The paper 'International Tax Evasion and International Tax Avoidance" is an outstanding example of macro and microeconomics coursework. Tax avoidance is the legitimate use of a tax regime to an individual’ s advantage, which entails reducing the amount of tax that one is legible to pay by utilizing the various ways that are legitimate within the prevailing law concerning taxation. On the other hand tax evasion is used to describe the illegal ways that corporations and individuals utilize with the aim of not paying taxes. They would evade taxes completely. According to Farmer and Lyal (2004), tax mitigation is used interchangeably with tax avoidance and they mean the same thing.
International tax avoidance is tax avoidance, which is analyzed on the international scene.

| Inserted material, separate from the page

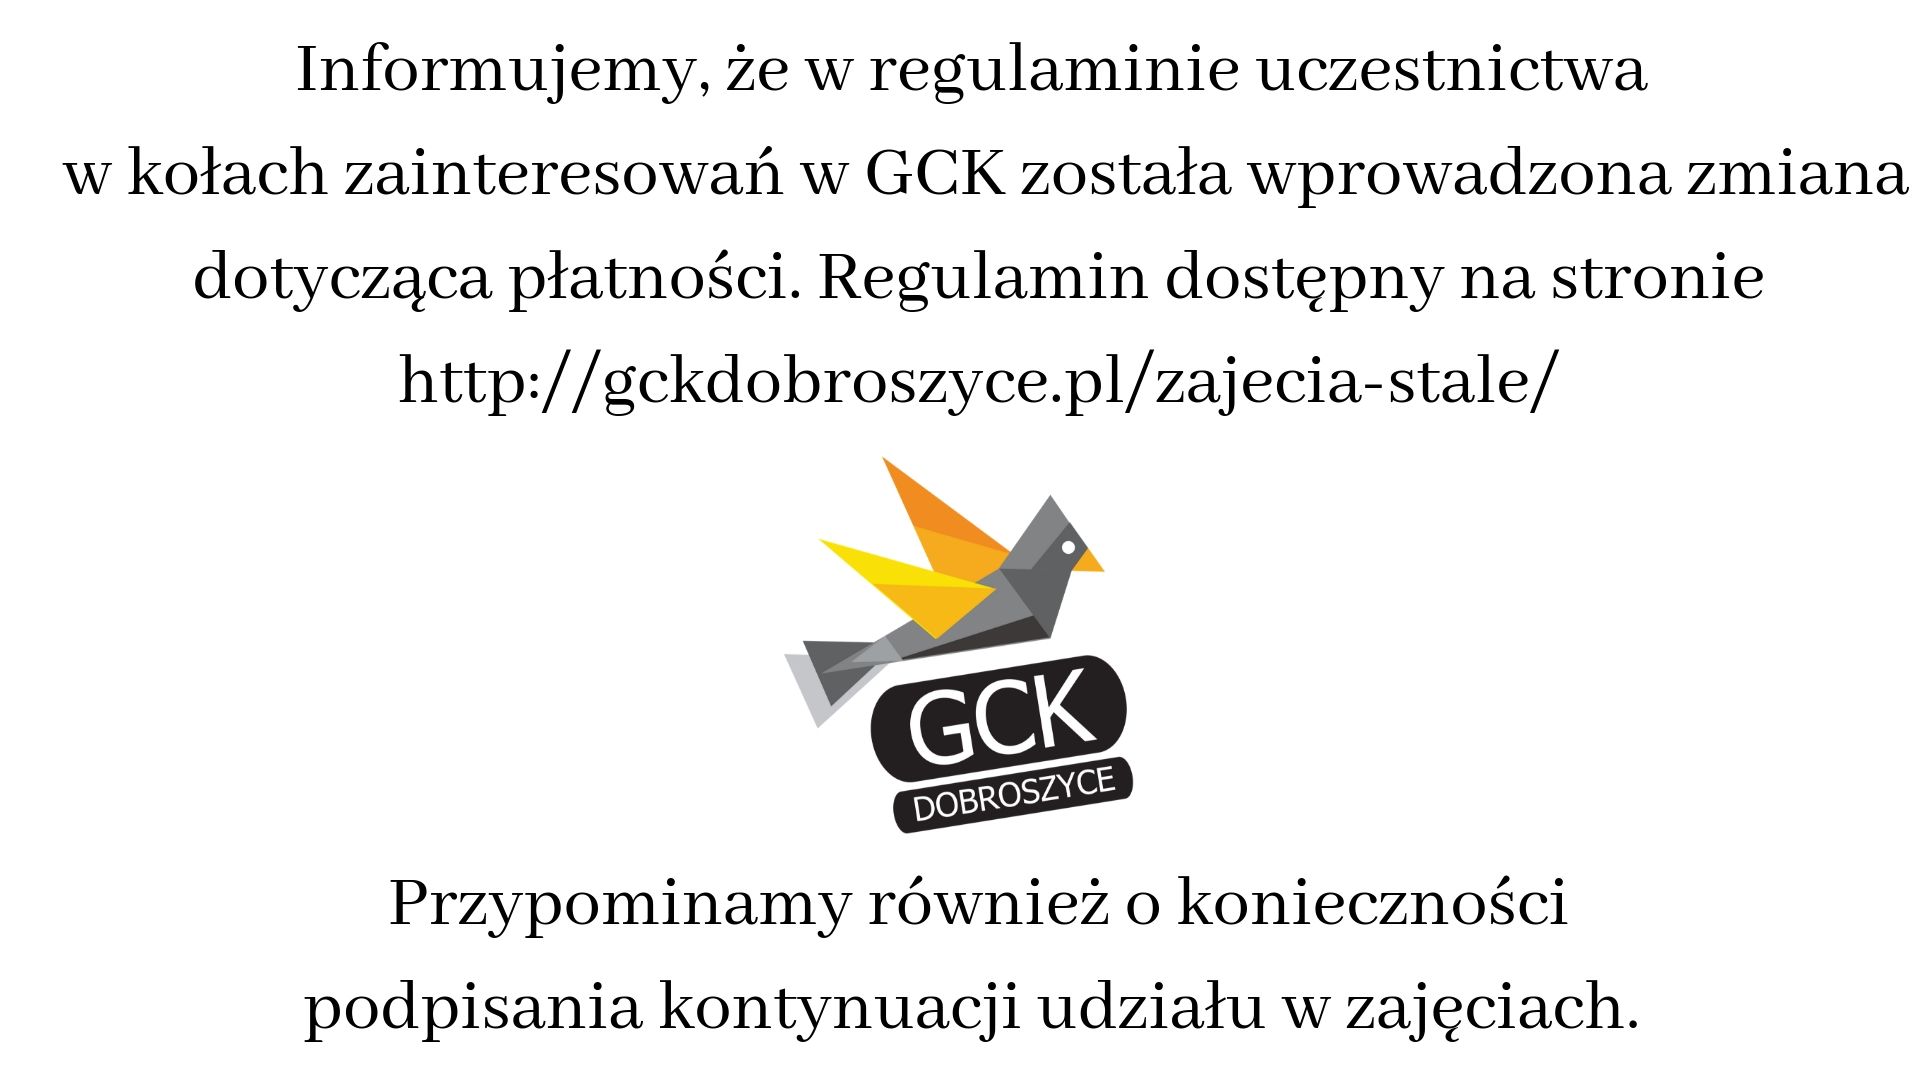 Informujemy, że w regulaminie uczestnictwa w kołach zainteresowań w GCK została wprowadzona zmiana dptycząca płatności. Regulamin dostępny na stronie http-%2F%2Fgckdobroszyce.pl%2Fzajecia-stale%

Tax avoidance can happen in the following ways: Legal entities By avoiding the change of residence, personal taxation may be legitimately done away with by enacting a separate legal entity in which donations of one’ s property is made. The legal entity may be in the form of foundation, trust, or company. The company or trust receives assets transferred to it so that profits are recorded.
The income is reflected as being earned by the new entity as opposed to the former. If the assets are reversed back to the individual, all profit will be subjected to capital gains taxes. The formed entity can avoid corporate taxation if is formed in an offshore jurisdiction. Salary or dividend will attract income tax. The trust settler will not be permitted to be a beneficiary or trustee and may lose management of the asset transferred or maybe draw benefits from it. Legal entities that are formed this way are a form of tax avoidance (Lan Mo, 2006). Double taxation Majority of nations place taxes on profits or returns earned overlooking the residence of the firm or person.
Majority of countries have signed double taxation bilateral treaties with other countries in order in an effort of avoiding those who are not residents twice-that is the country of residence and where the income is earned. Few taxation treaties have been enacted. Moving one’ s assets to a tax haven in itself is not sufficient to guarantee avoidance of tax, the person may also have to relocate to the tax haven.
Loopholes in this create a chance for tax avoidance. Legal vagueness The result of tax is dependent on legal terms definitions which are more often than not vague. Differentiation between personal expenses and business expenses raises some vagueness that has been troubling the tax authorities and taxpayers. Vague penumbra in many tax law terms and it is a potential origin of tax avoidance cases (Pasquale, 2002). Country of residence Another form in which a person can underrate or undervalue taxes that he owes to the relevant authorities by transferring to a tax haven his tax residence or being always on transit.
A haven is a country where the tax rate imposed on assets, or tax for carrying out business is very little therefore making those who would want to avoid high taxation in their own countries to transfer there. A number of countries impose taxes on permanent residents, companies and citizens on their worldwide income. This has an impact to the extent that is not easy to avoid tax in that particular country.
A very good example of such a country in the United States of America. Permanent residents and citizens alike are subject to federal income tax levied by the United State of America. Consequently simply moving abroad or just relocating one’ s asset cannot accomplish taxation avoidance. This culture in the United States of America has prompted, according to reports by some news agencies, to relinquish their American citizenship in favour of the other country that may seem to be a tax haven. This is after discovering that they cannot simply avoid tax by only emigrating.
Nevertheless, United States citizens may succeed in excluding some of their salaried income obtained overseas from their total income and therefore end up with a lesser figure when computing the United States of America federal regime tax. However, there is a ceiling to how much should be excluded (Farmer & Lyal 2004).
Lan Mo, P., 2006, Tax avoidance and anti-avoidance measures in major developing economies. Greenwood Publishing Group, New York.
Thuronyi V., 1998, Tax law design and drafting, Volume 2. International Monetary Fund, New York.
Farmer P., & Lyal R., 2004, EC tax law. Oxford University Press, Oxford.
Terra B. J. M. & Wattèl, P. J. 2001, European tax law. Kluwer, Kluwer.
Pasquale P., 2002, The impact of Community law on tax treaties: issues and solutions, Kluwer: Kluwer Law International.